A partial copy is required: transcribe exactly the lines from the one containing "POLO RALPH LAUREN: sweater" through the last line below, without any pictures.

* **Supplied data**:
▬▬▬▬▬▬▬▬▬▬

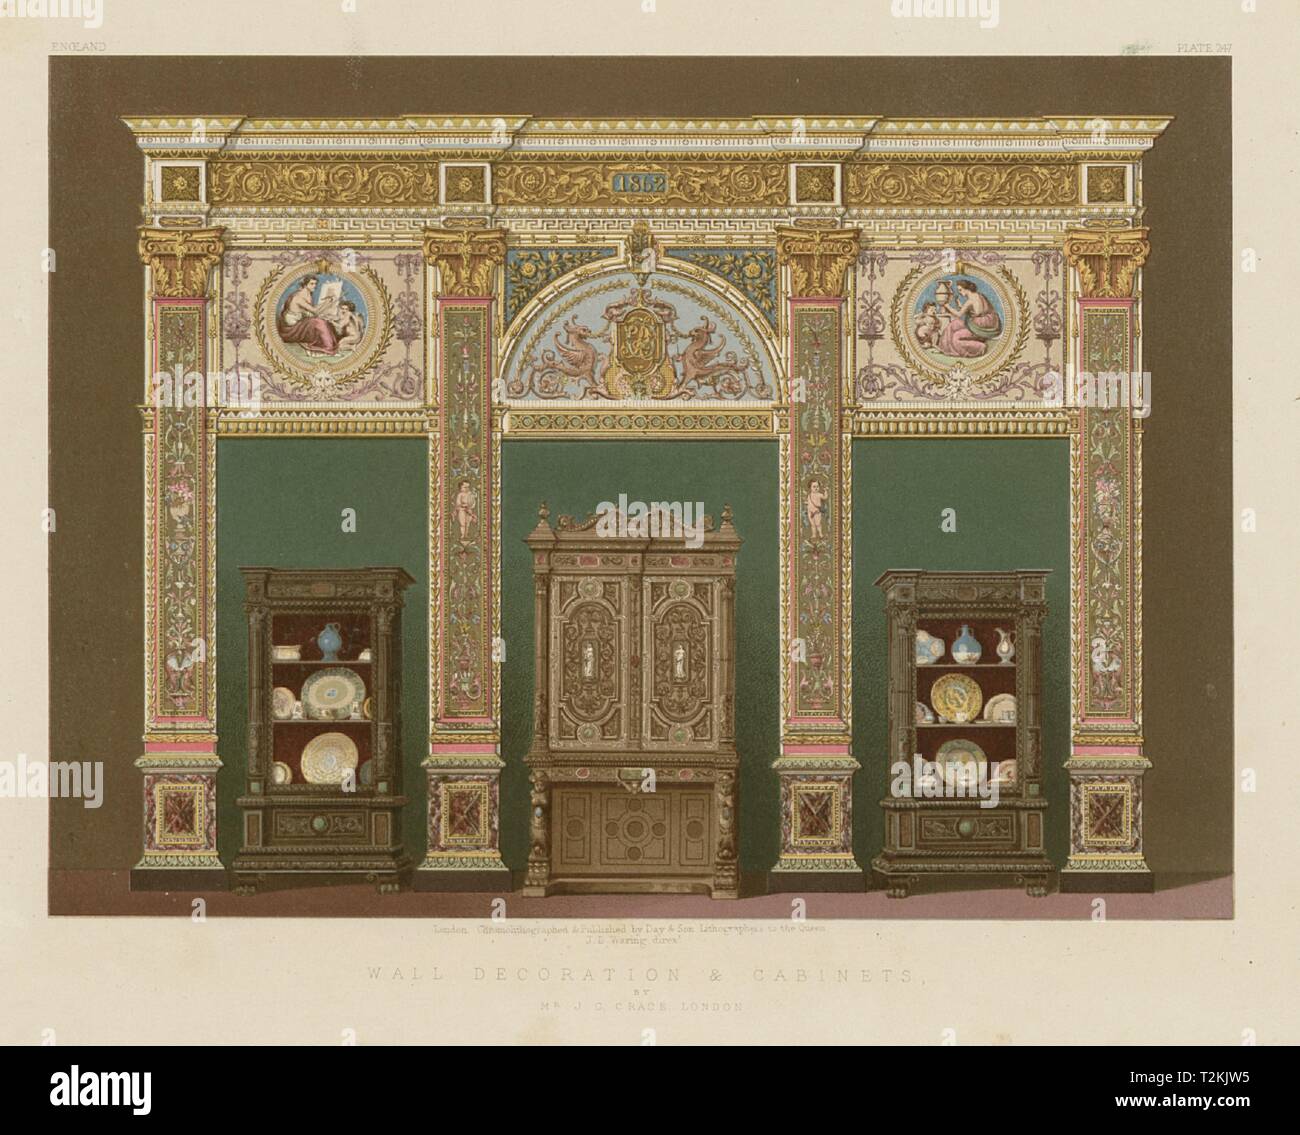 INTERNATIONAL EXHIBITION. Wall decoration & cabinets. J C Crace, London 1862 Stock Photo
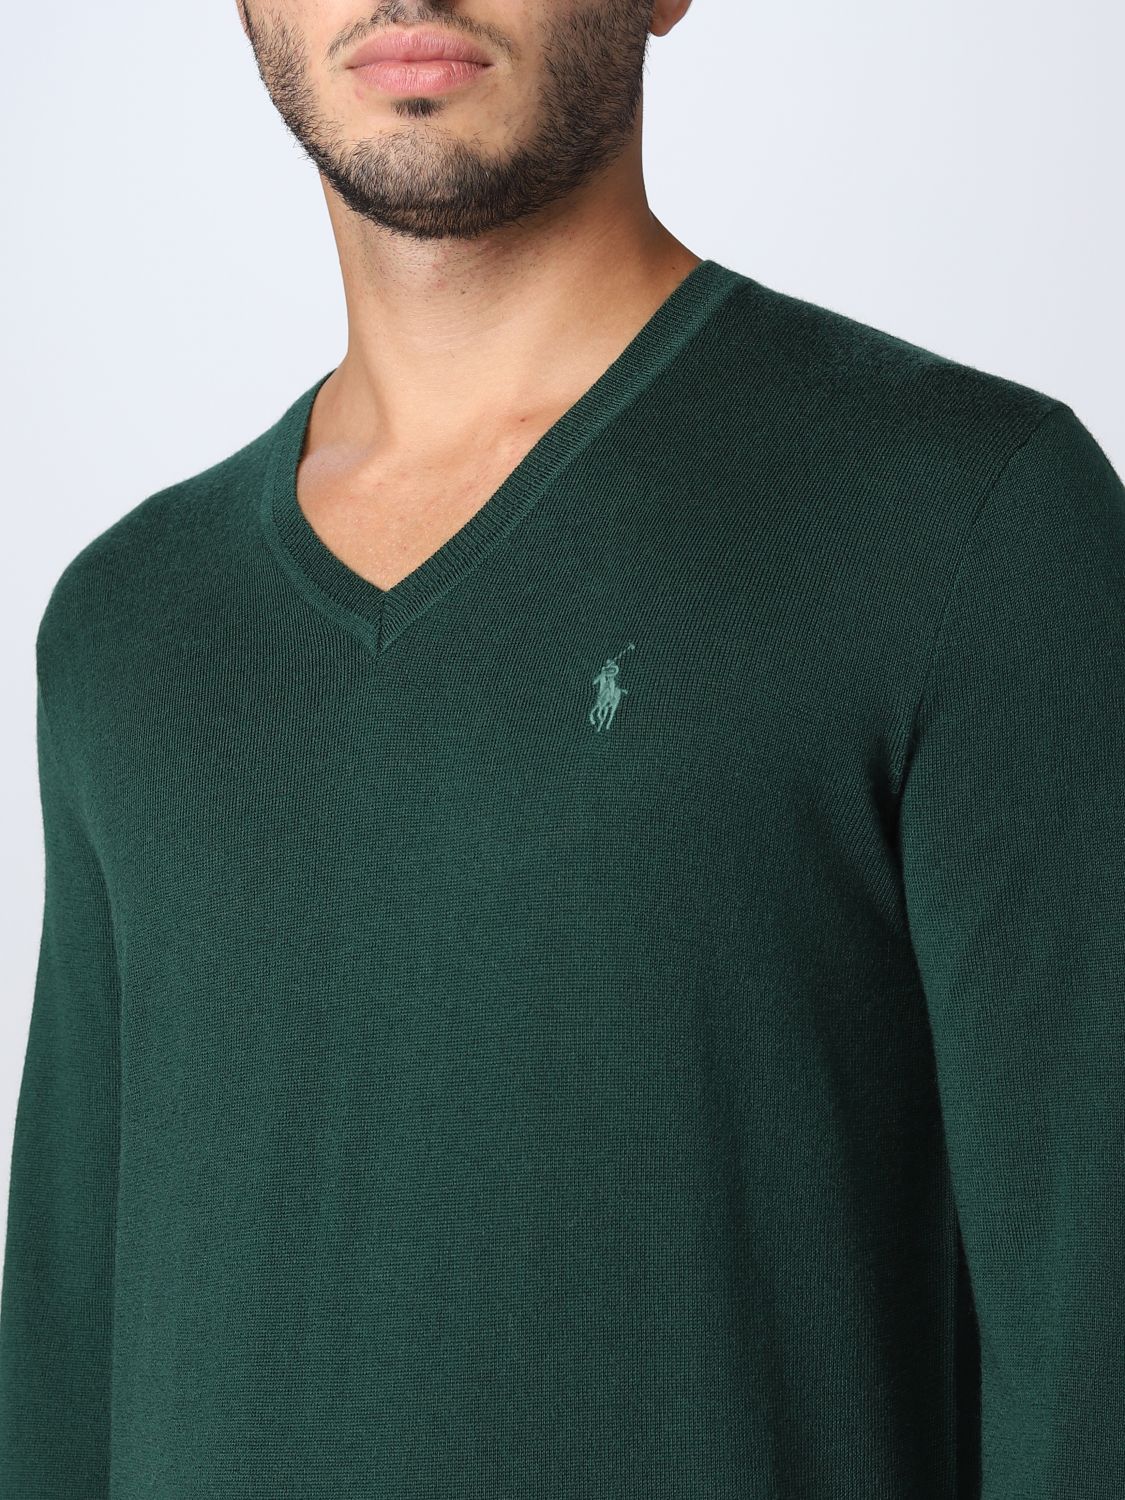 POLO RALPH LAUREN: sweater for man - Green | Polo Ralph Lauren sweater  710876848 online on 
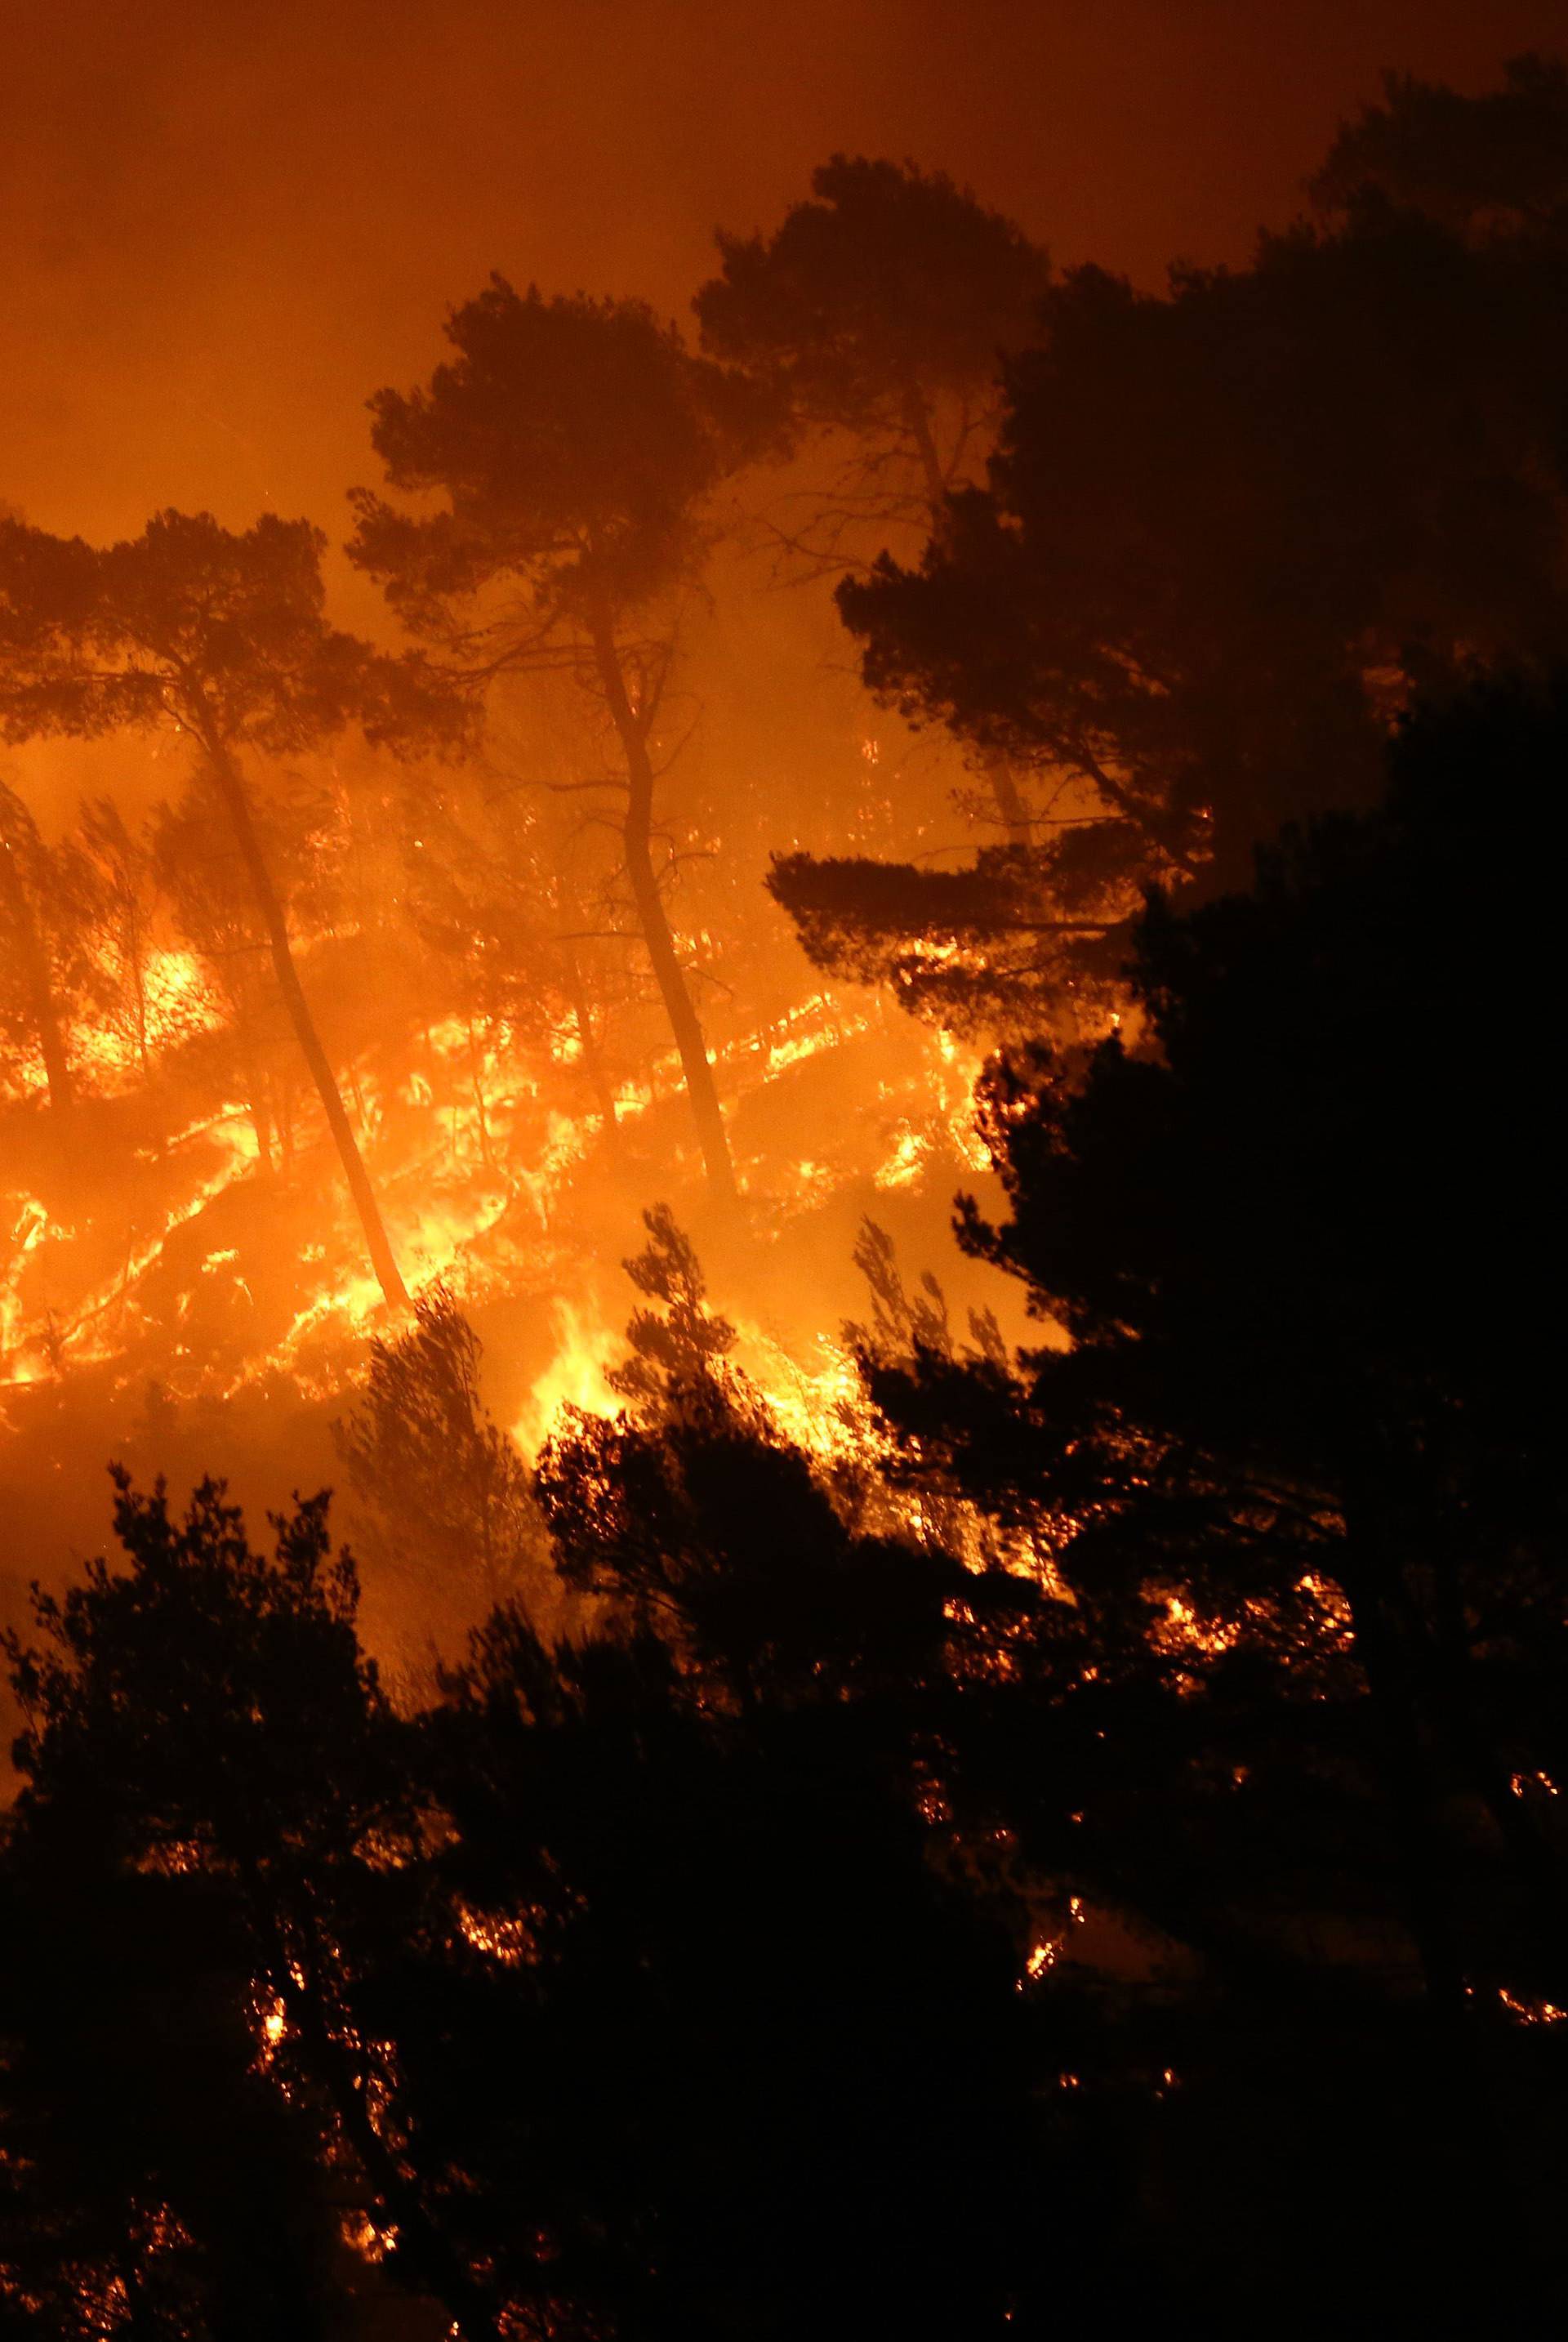 A wildfire is seen in the village of Mravince near Split

▬▬▬▬▬▬▬▬▬▬

* **Response box**:
 POLO RALPH LAUREN: sweater for man - Green | Polo Ralph Lauren sweater  710876848 online on 
 A wildfire is seen in the village of Mravince near Split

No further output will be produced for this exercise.